Mitt Romney never intended that the contributions he and his wife made to their church would become known when he disclosed financial information as the presumptive GOP nominee, he says, citing the disclosure of "personal" information as the reason behind his reluctance to release more.
"Our church doesn't publish how much people have given. This is done entirely privately," Romney said in an interview with Parade magazine, to be published Sunday. "One of the downsides of releasing one's ﬁnancial information is that this is now all public, but we had never intended our contributions to be known. It's a very personal thing between ourselves and our church."

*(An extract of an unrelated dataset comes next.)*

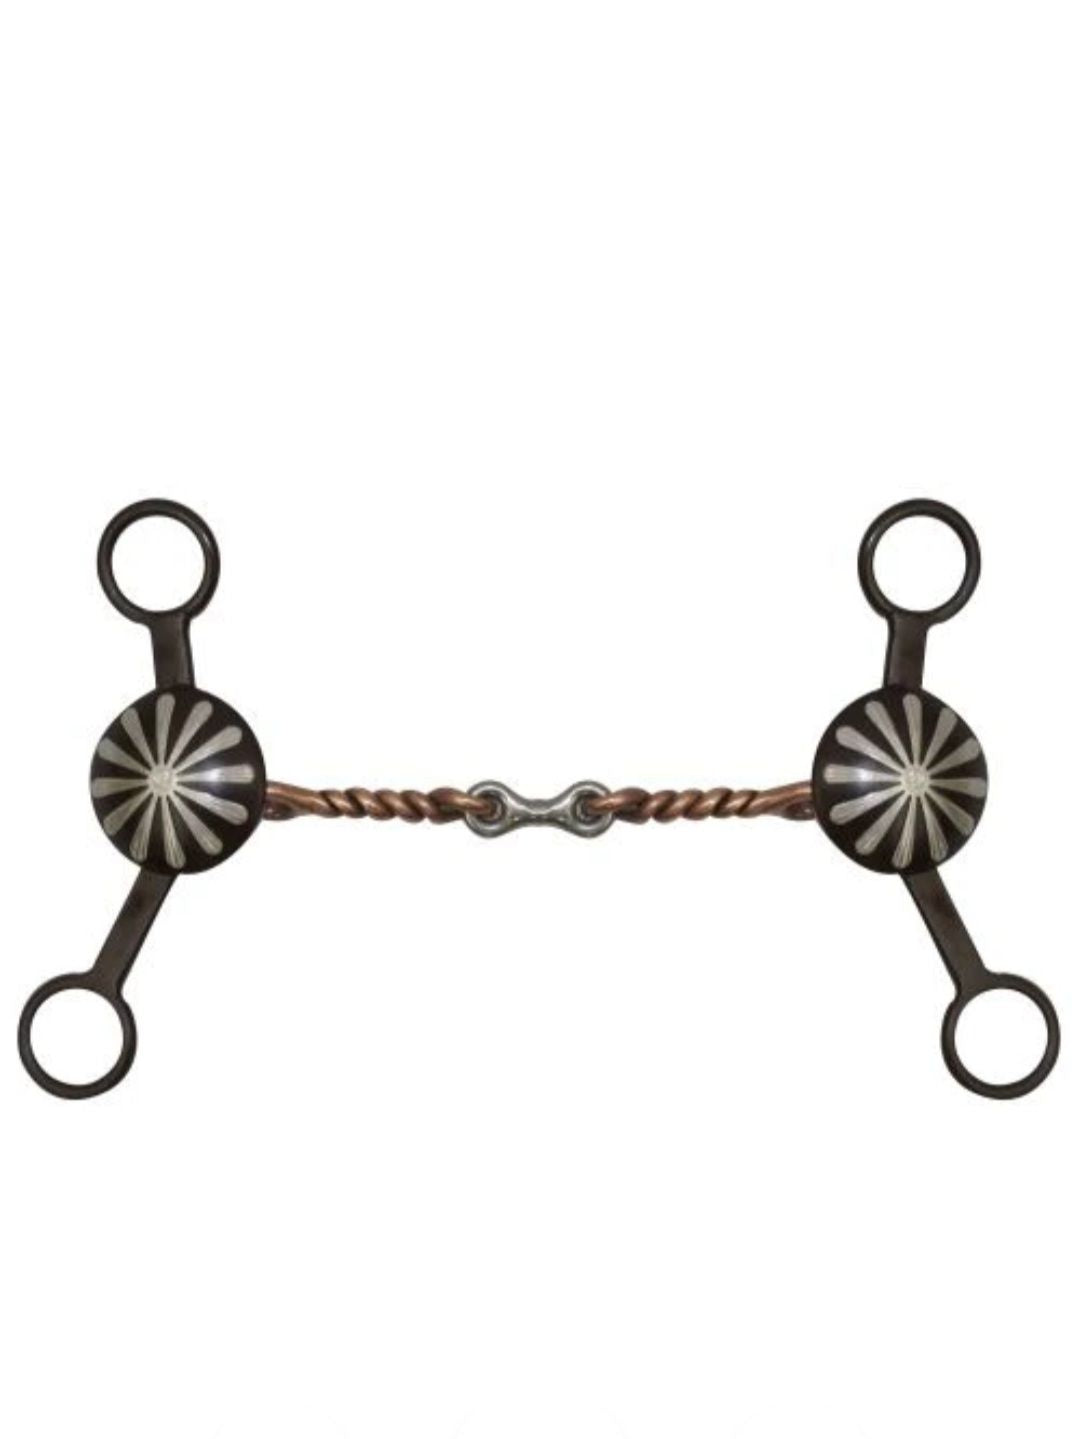 Bits - 5" Brown Steel Concho Bit with Dogbone Mouth

Romney has been reluctant to release financial information throughout his political career. In the presidential election, his financial disclosures have been scanter than his rivals or recent presidential hopefuls. He has only released one -- by some accounts, incomplete -- year of tax returns, for 2010, and has pledged to release a second, for 2011, before the election (so far, he has released a summary). President Obama and Vice President Joe Biden have released twelve years of tax returns each. Since the 1980 election, only Sen. John McCain (R-Ariz.) released two years of returns, while all other major party candidates released at least five.
Romney has refused to release more years of tax returns despite bipartisan calls for him to do so. His father, when running for president in 1968, released 12 years of tax returns. His father was also, of course, a Mormon.